Stephen Sondheim

       Composer-lyricist-dramatist Stephen Sondheim transformed the American musical.  With romantic musicals like those of Rodgers and Hammerstein prevailing on Broadway in the fifties and early sixties, Sondheim struck a new note, combining sophisticated lyrics with modern music that employs triadic, diatonic harmonies as well as dissonance.  The effect is an integrated dramatic work in which the lyrics and the score reveal depth of character as well as emotion.  You probably won’t leave the theater humming his tunes.  But if you saw the Royal National Theatre production of “A Little Night Music” you might well have felt that “Send in the Clowns,” sung by Judi Dench as Desiree (who has missed the opportunity to rekindle an affair) was the most theatrically perfect expression of lost love that you are ever likely to experience.

Of the latest Sondheim production, “Follies” at London’s Festival Hall, John Peter proclaimed in the Times, “This is still one of the greatest American musicals” and Sondheim’s “music and lyrics…confirm that he is among the greatest creators of musical theater.”  At a 1970s reunion in their former theater, now derelict and facing demolition, “Follies” brings together the Weissman (read Ziegfeld) chorines thirty years after their heyday to confront the ghosts of their past as young lovers and as performers, statuesque beauties parading in glittering, revealing costumes and towering headdresses.

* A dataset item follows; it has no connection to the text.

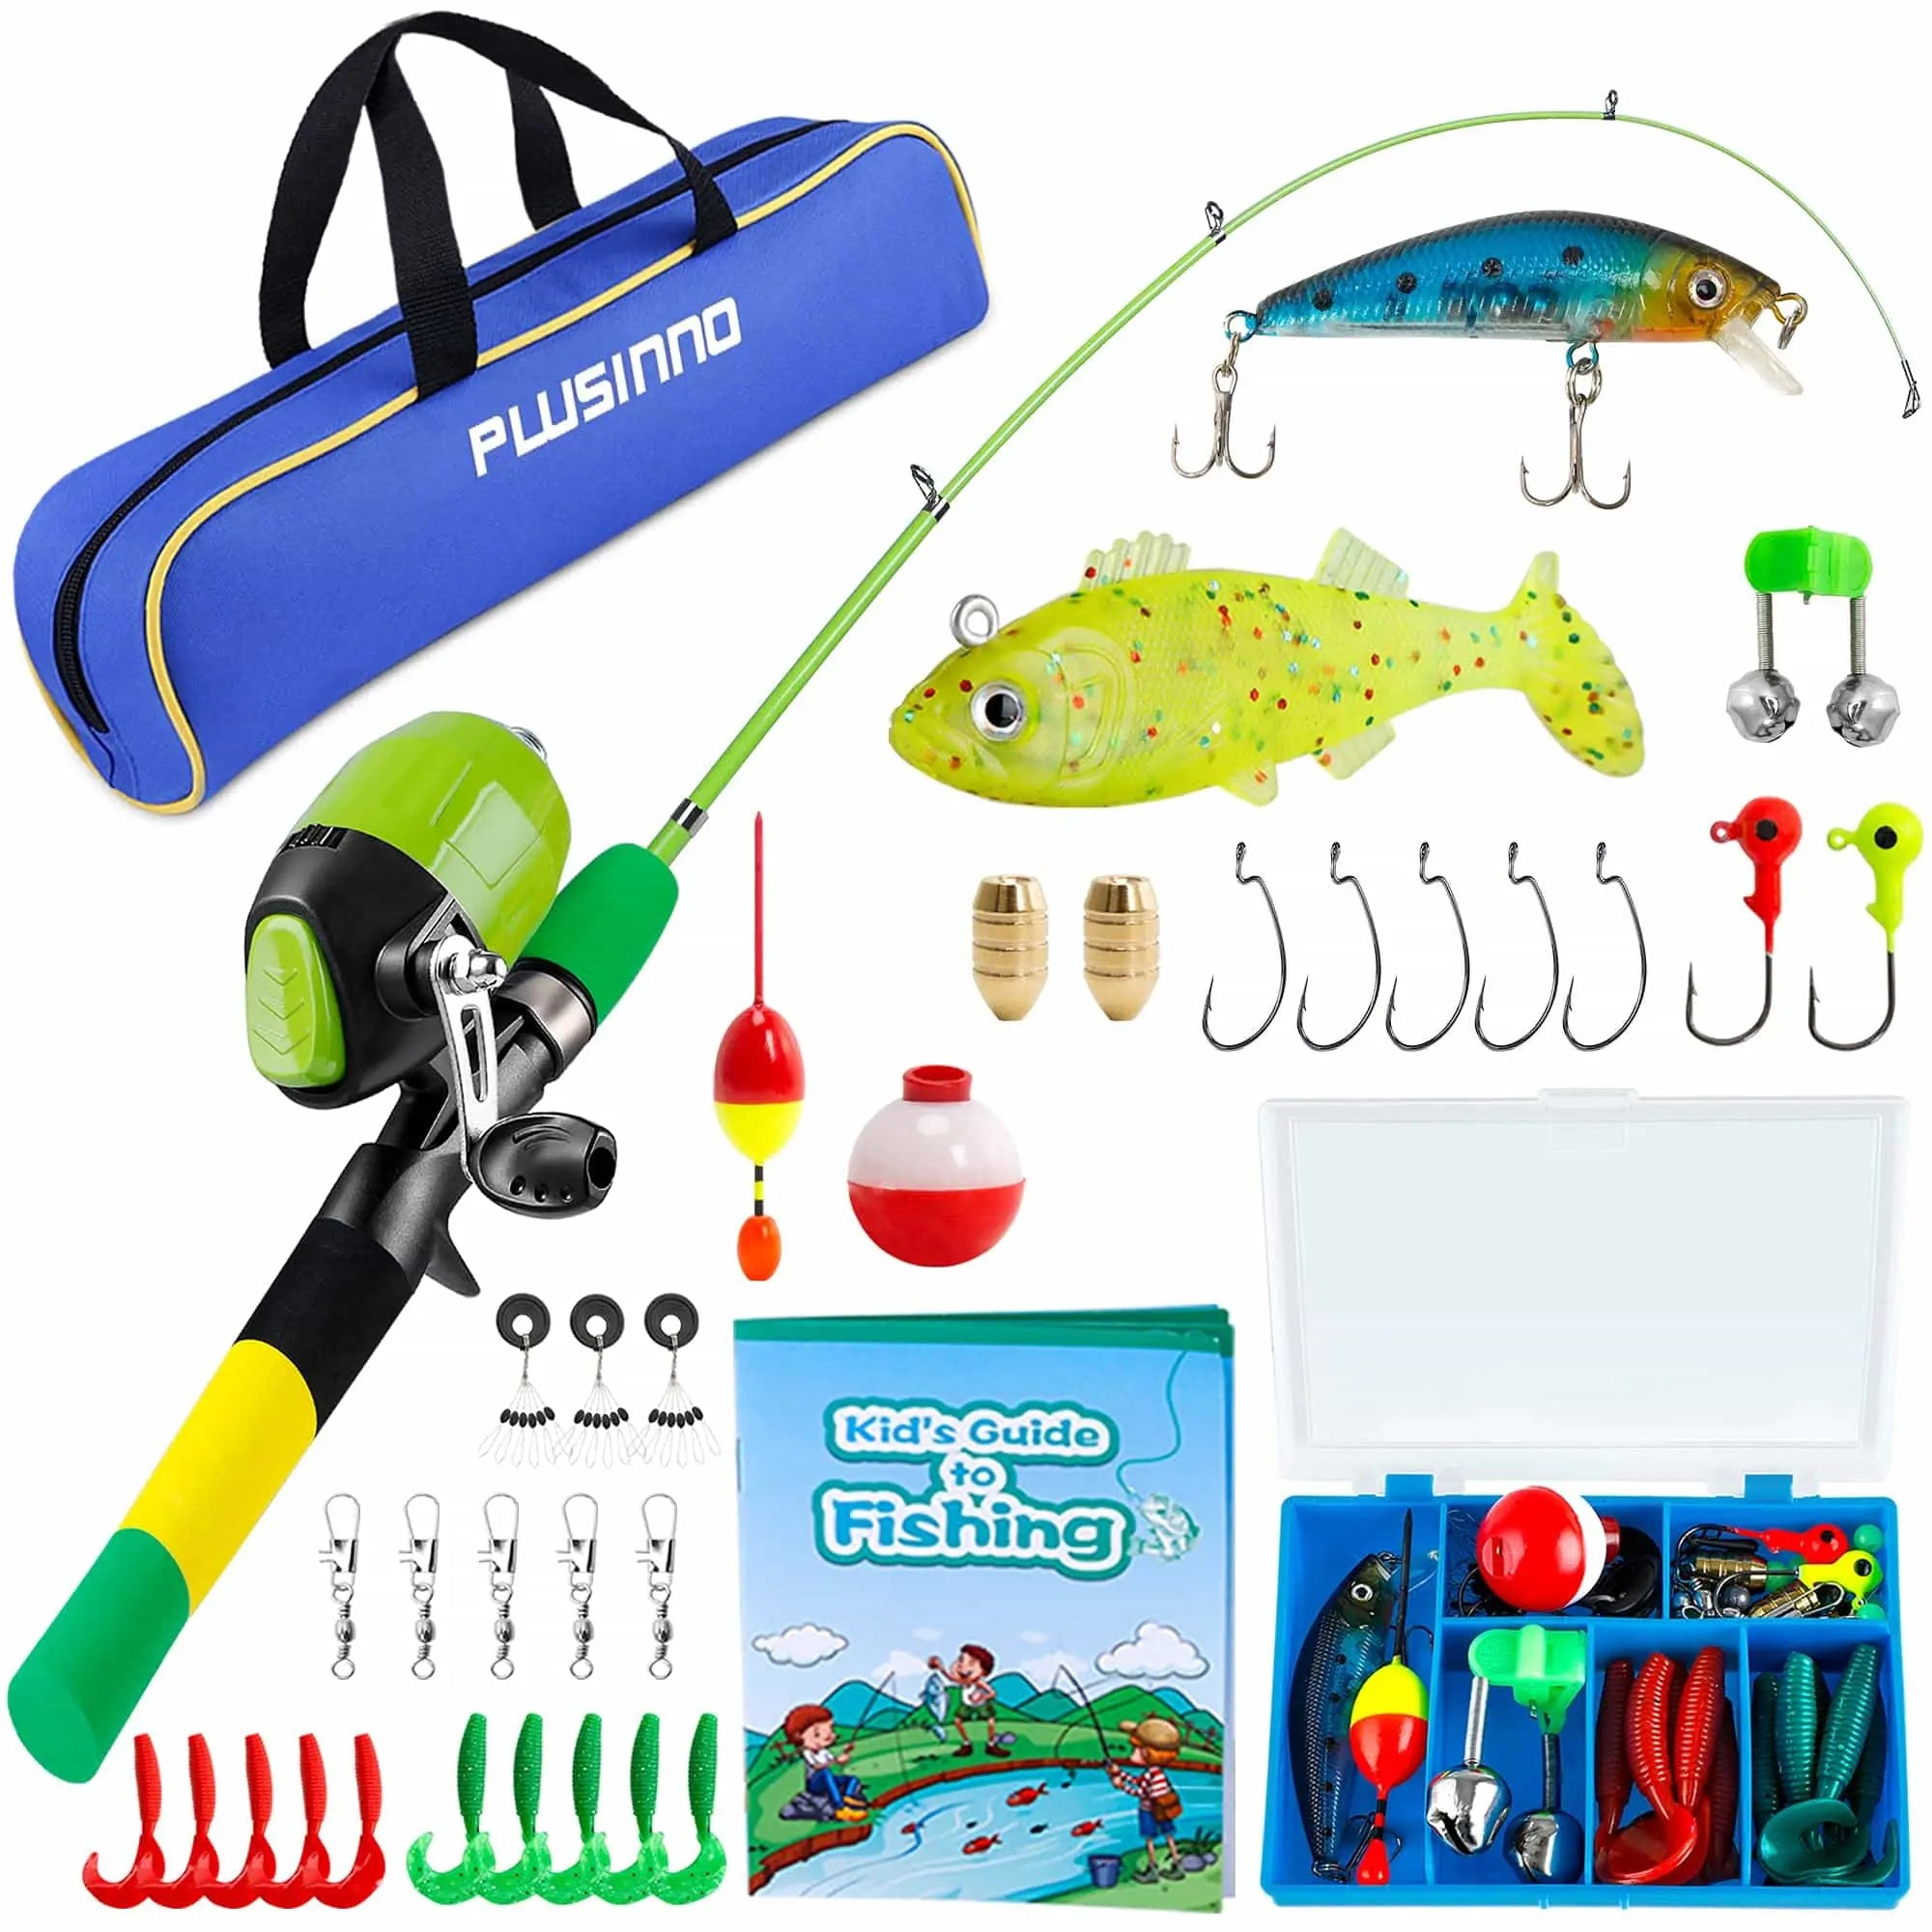 PLUSINNO Rainbow Kids Fishing and Reel Combos Kit complet sans filet

            Center stage are two disillusioned married couples, Ben and Phyllis and Buddy and Sally, who, as their younger selves, buy wholeheartedly into the romantic dream of marriage perpetuated in the song lyrics and movies of the thirties and forties, expressed in some of their songs, cleverly echoed by Sondheim.  Sally’s “In Buddy’s Eyes,” idealizes her husband – who is faithless - and the big production number “Loveland,” promises eternal bliss in love and marriage. (Remember the celebratory wedding lyric of “Me and My Gal?” “Someday we’ll build a little house … in Loveland, for me and my gal.”)

 In addition to Sondheim’s pastiche of the songs and lyrics of this bygone era are haunting melodies like “Too Many Mornings,” jazzy patter numbers like “Lucy and Jessie,” and character-revealing songs like “Broadway Baby” and “I’m Still Here,” two tributes to survival in show business.

            Throughout, the optimism of the young couples is contrasted with the cynicism of their present selves.  That the youths who plan marriage are adolescents is suggested by their songs as they wait at the stage door, singing the spirited “Waiting for the girls upstairs,” and the chorines reprise “Waiting for the boys downstairs.”  Prone to romanticize, they never grow up, and Loveland is a never-never land that time will replace with a real world of tension, disillusionment, and desertion. 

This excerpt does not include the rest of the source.